Published 11/10/2017, 03:19 AM
Updated 06/07/2021, 10:55 AM

President Donald Trump and corporate America may not be satisfied with the revised Senate Republican tax plan. The dollar and global equities received a hit on news that Republican senators are likely to delay the introduction of corporate tax cuts until 2019. The reaction in markets wasn’t a surprise, given that investors have been pricing in a lot of good news and further pullback may continue for a couple of days or weeks, as many stocks look overbought at the moment.

The Senate wants to maintain the seven tax brackets, rather than the four proposed by the house. They also want to tax foreign profits held by offshore U.S. companies at a different rate. However, the timing of the corporate tax cuts will likely determine how markets move for the remainder of 2017.

The dollar traded in very tight ranges early Friday after falling on Thursday. While the delay in tax cuts isn’t good news for the U.S. currency, the rise in U.S. Treasury yields prevented the dollar from falling further. The U.S. economic calendar is light today with only November’s Michigan Consumer Sentiment Index due for release, so I don’t expect much action unless the Senate reveals a detailed tax reform plan.
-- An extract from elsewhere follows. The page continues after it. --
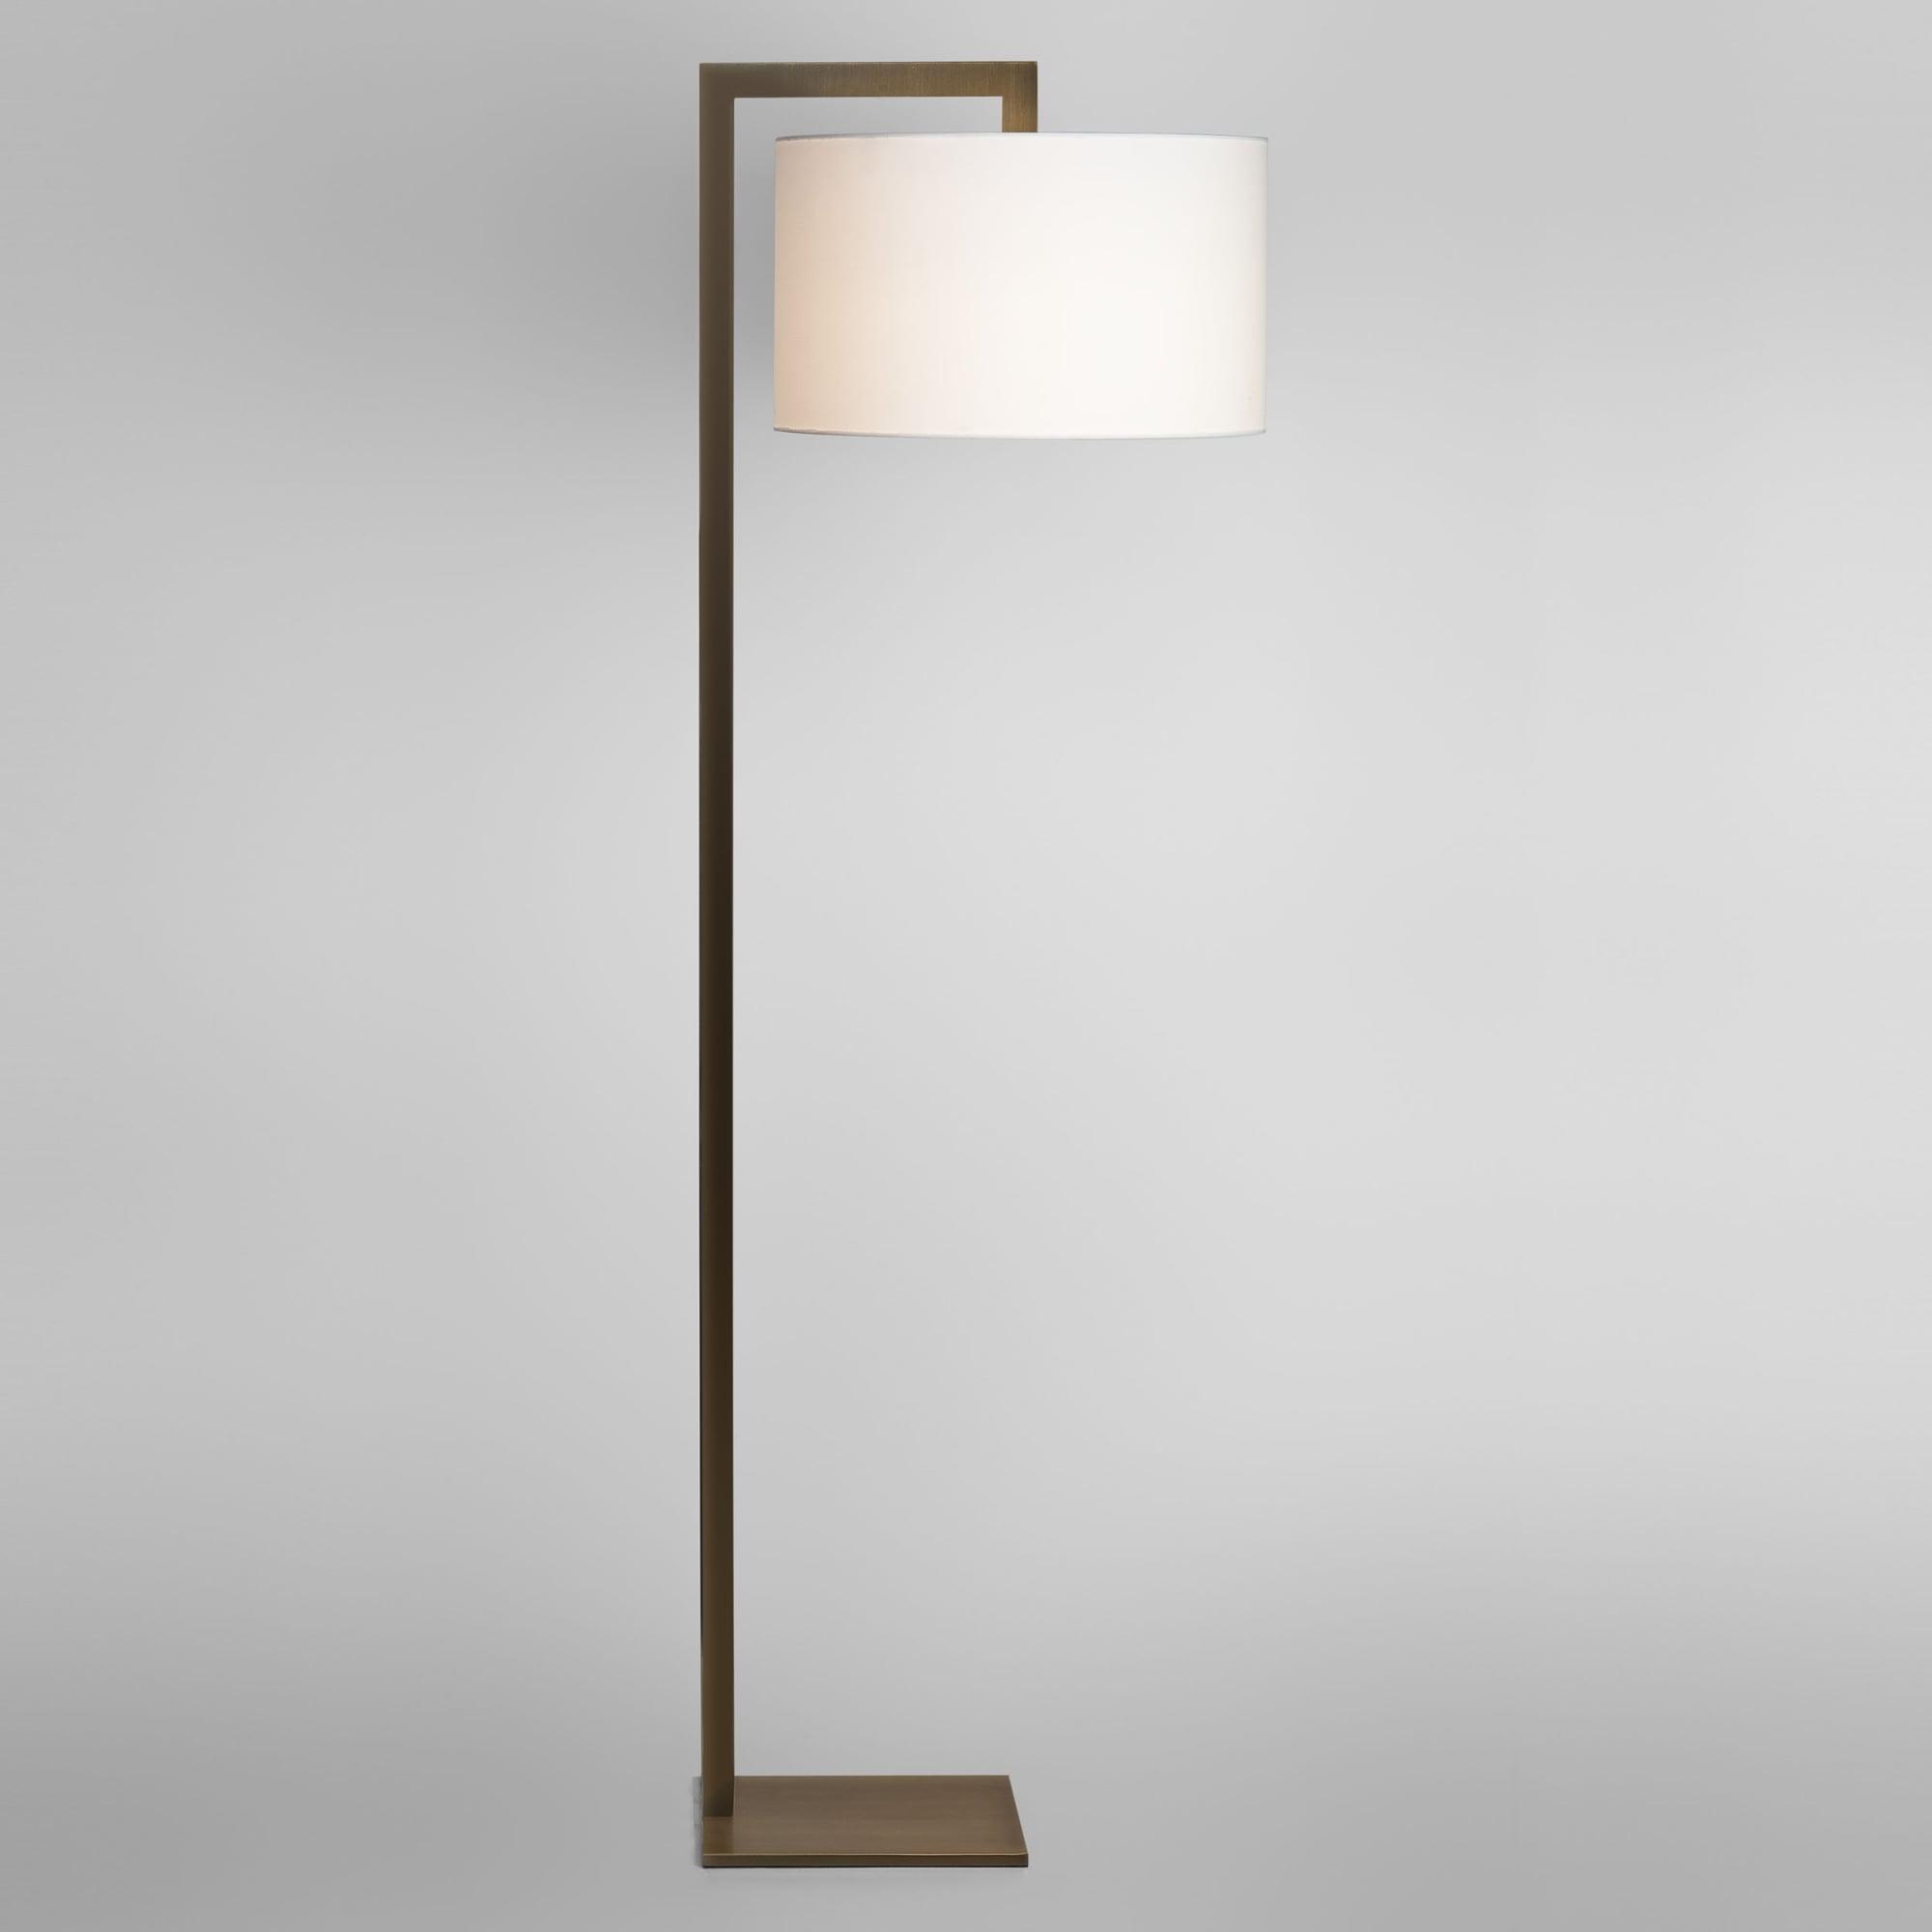 Image of: Astro Sku34912i4l Ravello Floor Light Bronze Ideas4lighting

Sterling is the only currency in play, with manufacturing and industrial production, trade balance, and NIESR GDP estimates, due for release later today. Brexit negotiations also resumed on Thursday, but according to officials there was no major breakthroughs. If talks in Brussels end in a similar way to previous negotiations, expect sterling gains to remain capped.

Oil prices were also moving in narrow ranges after rallying sharply at the beginning of the week. High demand, falling inventories, and confidence that OPEC will extend production cuts, will likely keep the prices elevated in the short run, but the geopolitical risk premium due to tensions in the Middle East, has undoubtedly been responsible for a large portion of the recent surge in prices. I still believe that current fundamentals aren’t sufficient to keep Brent above $60-$62, however geopolitical tensions will continue to be the main driver in the days and weeks to come.